Talkinpeece · 09/12/2018 15:56

we'll have to have a serious conversation after Christmas
Nope.
Do it now.
As I said to a poster on the other debt thread.
Start to talk every day for five minutes
and every week for half an hour
if you leave it till after the excesses of Christmas you will be angrier
start to clear the air now

Yes, his business ideas might make you a mint.
But if they do it has to be a no stress debt free mint Grin

RedDeadRoach · 09/12/2018 16:30

I can't imagine how stressful it must be worrying about debt while your dh keeps digging you further into the hole Sad I also think you should talk to him now ... before he decides he deserves nice things in the January sales!

BonBonVoyage · 09/12/2018 16:57

It's not even that he'll be shopping in the sales.

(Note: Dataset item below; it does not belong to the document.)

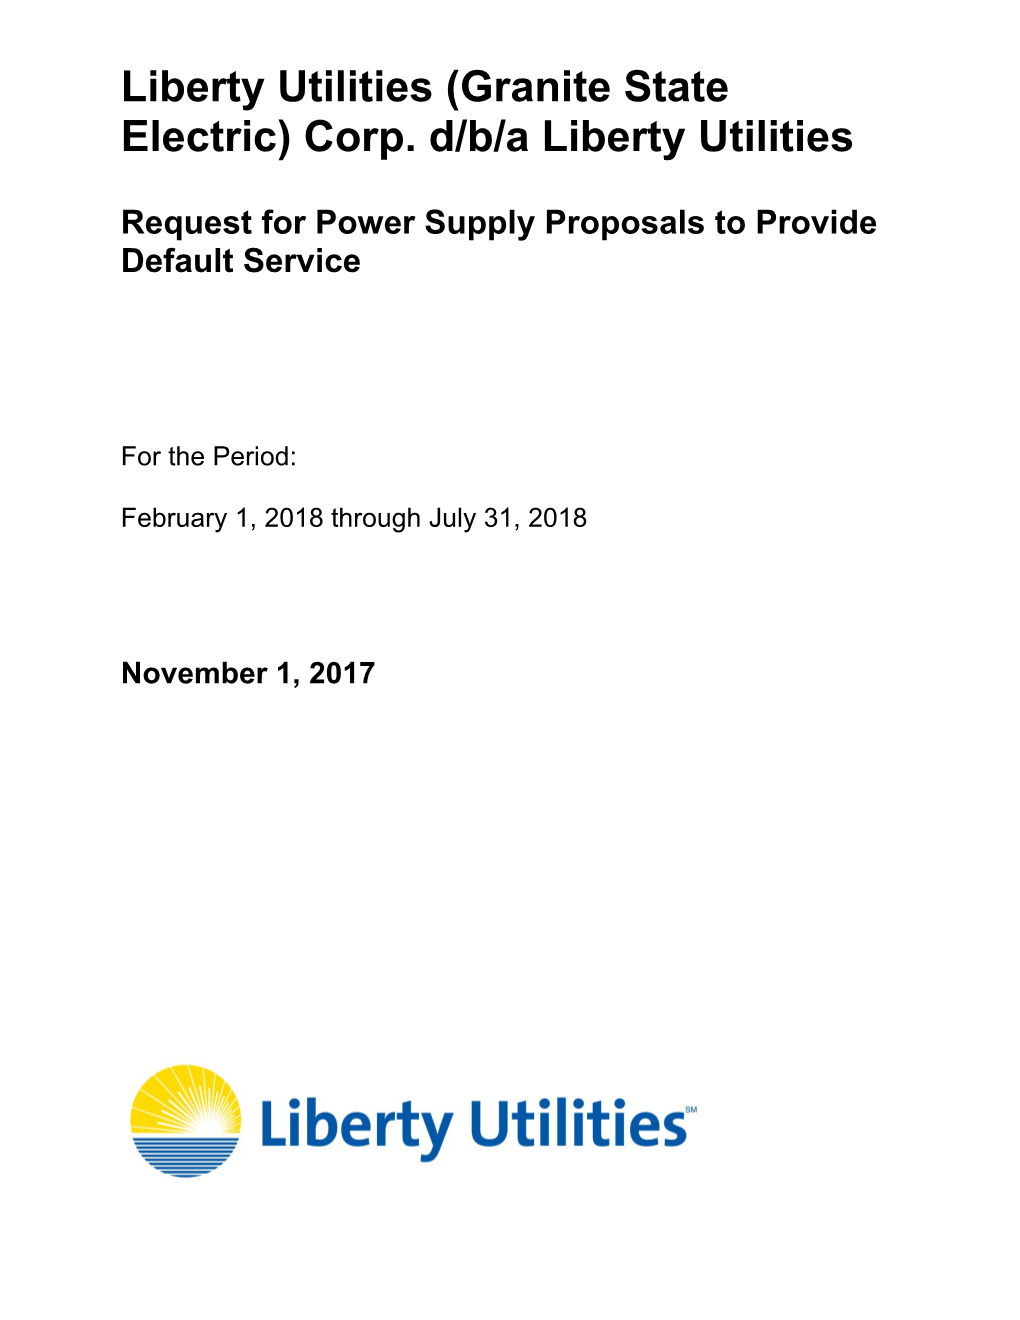 Liberty Utilities (Granite State Electric) Corp.D/B/A Liberty Utilities

It's more that if he sees a book referenced on a blog or podcast that he thinks looks good he'll get it. He doesn't intend to spend money.... He just does. I'm going to ask him to look back at his amazon or whatever and total how much he's spent this year (as suggested further up) and not even tell me the amount. But just keep it in mind. And I'll do the same and show him. I imagine There'll be a vast difference. That might inspire him not to click the "purchase now" button

Talkinpeece · 09/12/2018 17:28

Bonbon
Get him to remove his card details from Amazon and ALL OTHER online shopping sites
so that buying stuff becomes a conscious decision.

Get him to log out of ALL online shopping sites and untick "stay logged in"
so that buying stuff becomes a conscious decision

Get him to keep his card wallet on the kitchen counter
so he has to go and collect it to key in the details

so that buying stuff becomes a conscious decision

its not about stopping him spending
its about getting him to think about what he is spending

BonBonVoyage · 09/12/2018 17:59

Yes, good idea.

He's not a bad person, he just is impulsive. That will hopefully help. I also will suggest writing down things we want to buy, then reviewing it at the end of the month - what was a passing fancy? What would we still like? What do we actually need? My family were careful with money growing up, we would all have had savings accounts etc. He didn't have that early "grounding".